Knowledge Synthesis: Mental Health

Knowledge Synthesis
Author: Dr Mridula Bandyopadhyay  

Key Findings

Our work revealed that severe Covid-19 pandemic restrictions extensively affected the mental health of Australian females and males. Females however had significantly higher rates of depression and anxiety symptoms than males because of their unpaid burden of caregiving. The uptake of telehealth mental health increased during the pandemic, and patterns of alcohol use increased for people with more severe symptoms of depression or anxiety.  

Women with high pre-pregnancy BMI are at an increased risk of antenatal depression and anxiety; and women with history of PMS are at an increased risk of developing PPD. Women who identify as refugees have significantly higher prevalence and major depressive disorder and trauma.  

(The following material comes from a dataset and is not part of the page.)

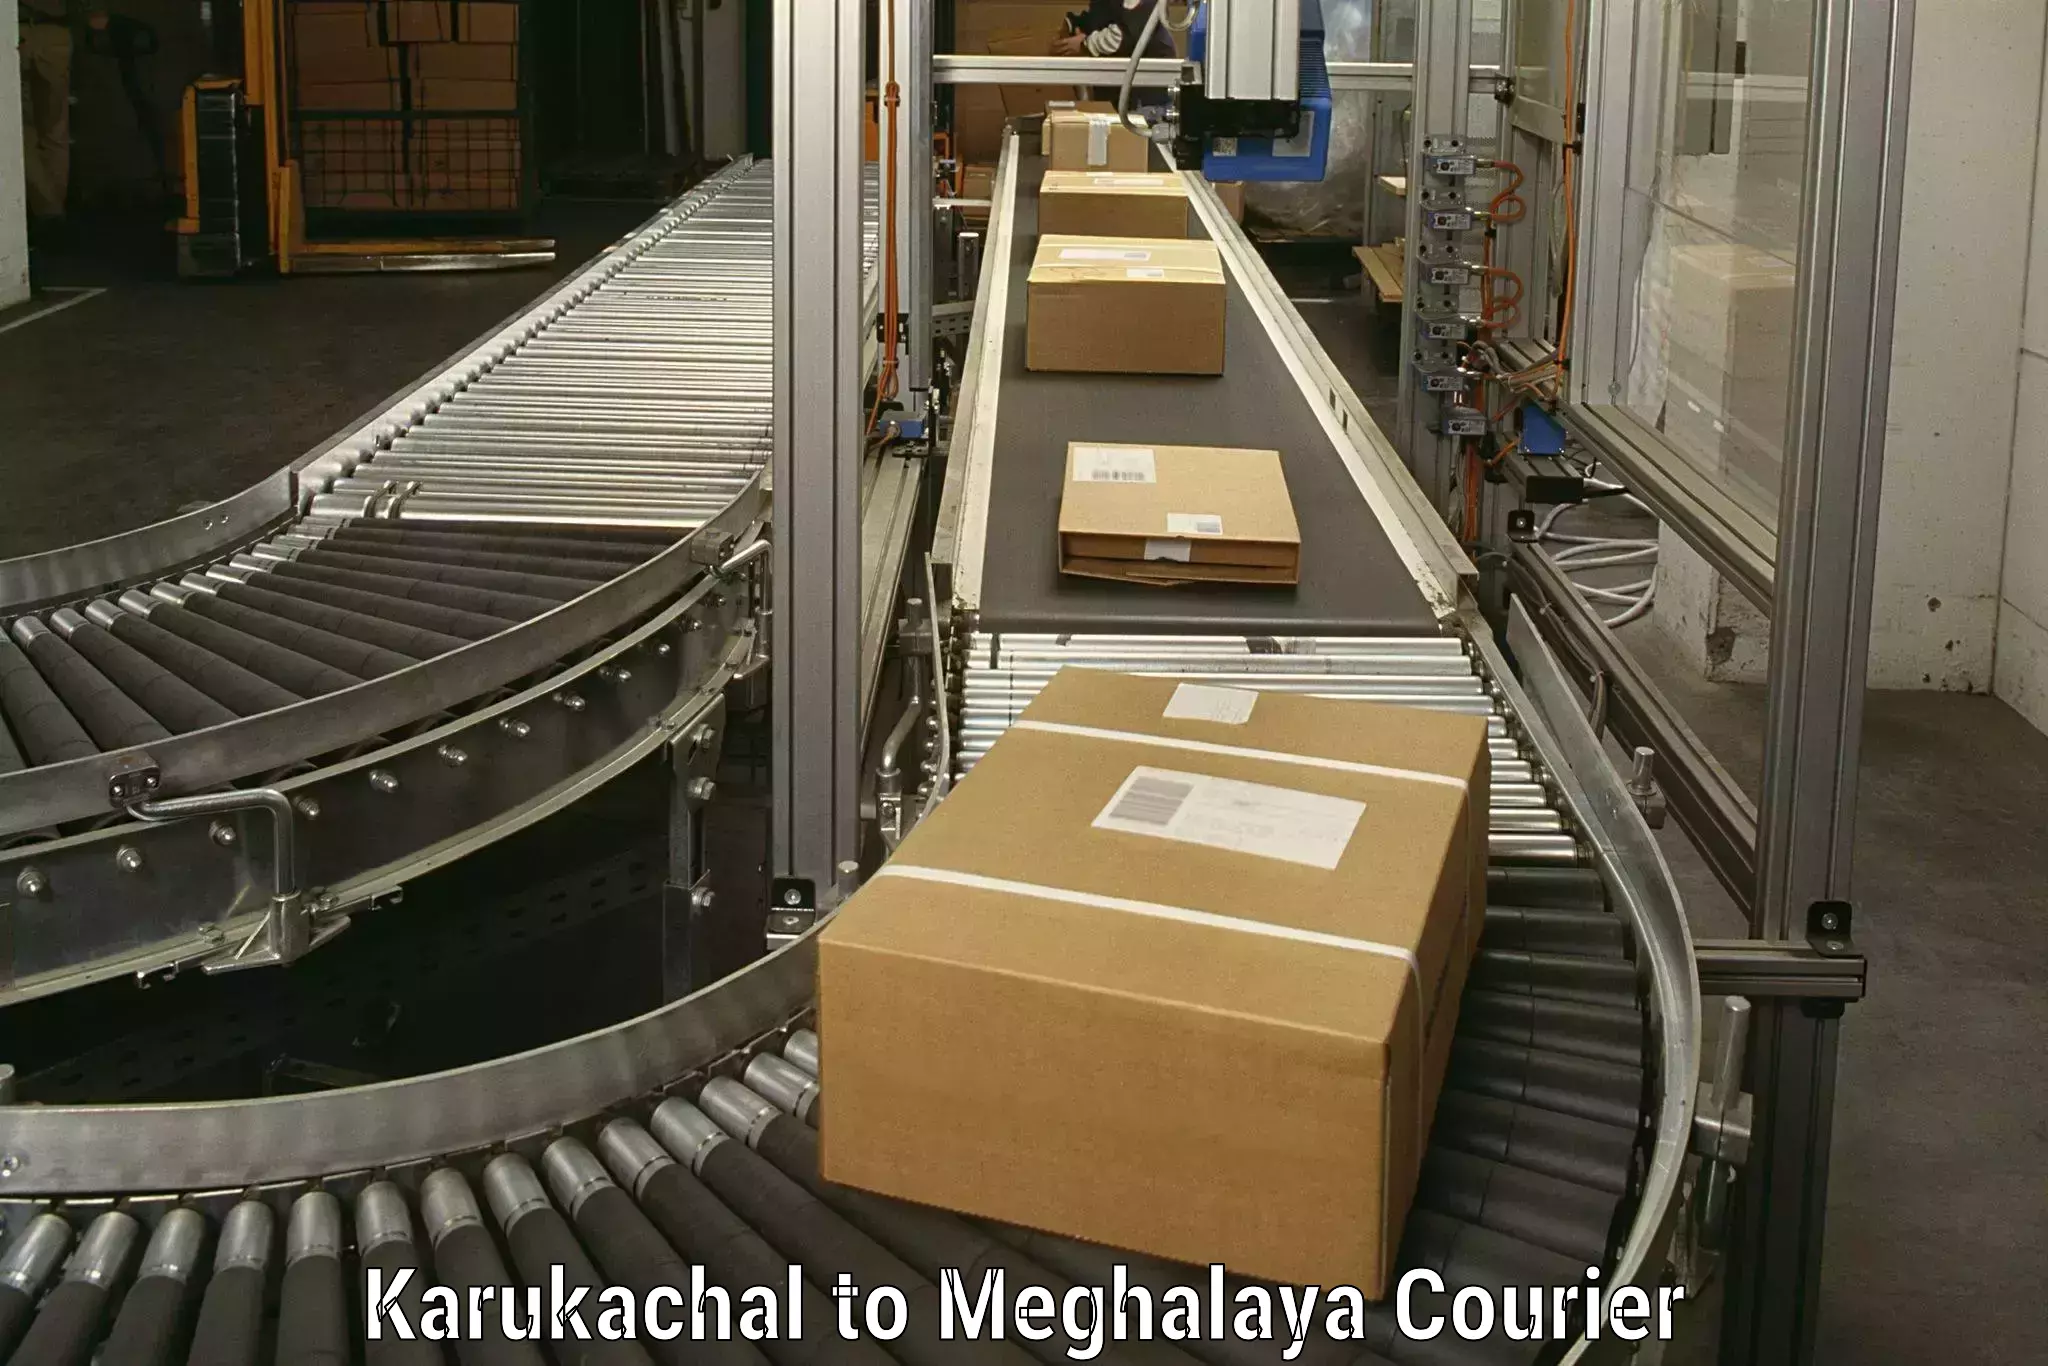 Furniture transport solutions Karukachal to Meghalaya

Mental health among older women linked to workforce participation, social relations, general health, access to regular exercise and healthy nutrition. Not having a paid job significantly affects the mental health of both younger and older women 50 years and above.

Policy makers and community organisations should be targeted for potential translation activities, so that policies are framed to support mental health, and create opportunities for women to remain in paid employment for longer; community organisations able to provide the support that is needed.    

Research Highlights

COVID-19 restrictions and mental health

A study examined trends in the uptake of telehealth items for mental health during the first 6 months of the COVID-19 pandemic using administrative Medicare data. Findings indicated an increased uptake of the COVID-19 telehealth items for mental health services. However, the trend in the uptake is unable to infer the effect of these on mental health outcomes [1] 

National anonymous online surveys of adults in Australia (n= 23,749) examined the mental health burden of the most severe COVID-19 related restrictions. No differences were observed in the population burden of mental health problems between Victoria and the other states and territories at Survey One; but by Survey Two prevalence rates of clinically significant depressive (Adjusted Odds Ratio (aOR) 1.96; 95% CI 1.62; 2.37) and anxiety (aOR 1.87; 95%CI 1.53; 2.29) symptoms were substantially and significantly higher in Victoria than in other states and territories. Most severe COVID-19 restrictions were associated with near double the population prevalence of moderate to severe depressive and generalised anxiety symptoms [2]. 

A national online anonymous survey assessed the mental health of adults in Australia during the COVID-19 restrictions to describe the gender and age-specific PHQ-9 and GAD-7 items and summary data (n=13,829) to provide a useful point of comparison for future COVID-19-related or other research among population or community samples [3] 

An anonymous online survey of 18 years and older adults in Australia gauged their opinions about policies to help them recover from the consequences of COVID-19 pandemic and its associated restrictions (n=9,220). Findings indicate policy priorities in the post-COVID-19 recovery phase to be on government preparedness for future pandemics and support for mental health, individual finance, and community organisations to support Australians as they recover from COVID-19 [4] 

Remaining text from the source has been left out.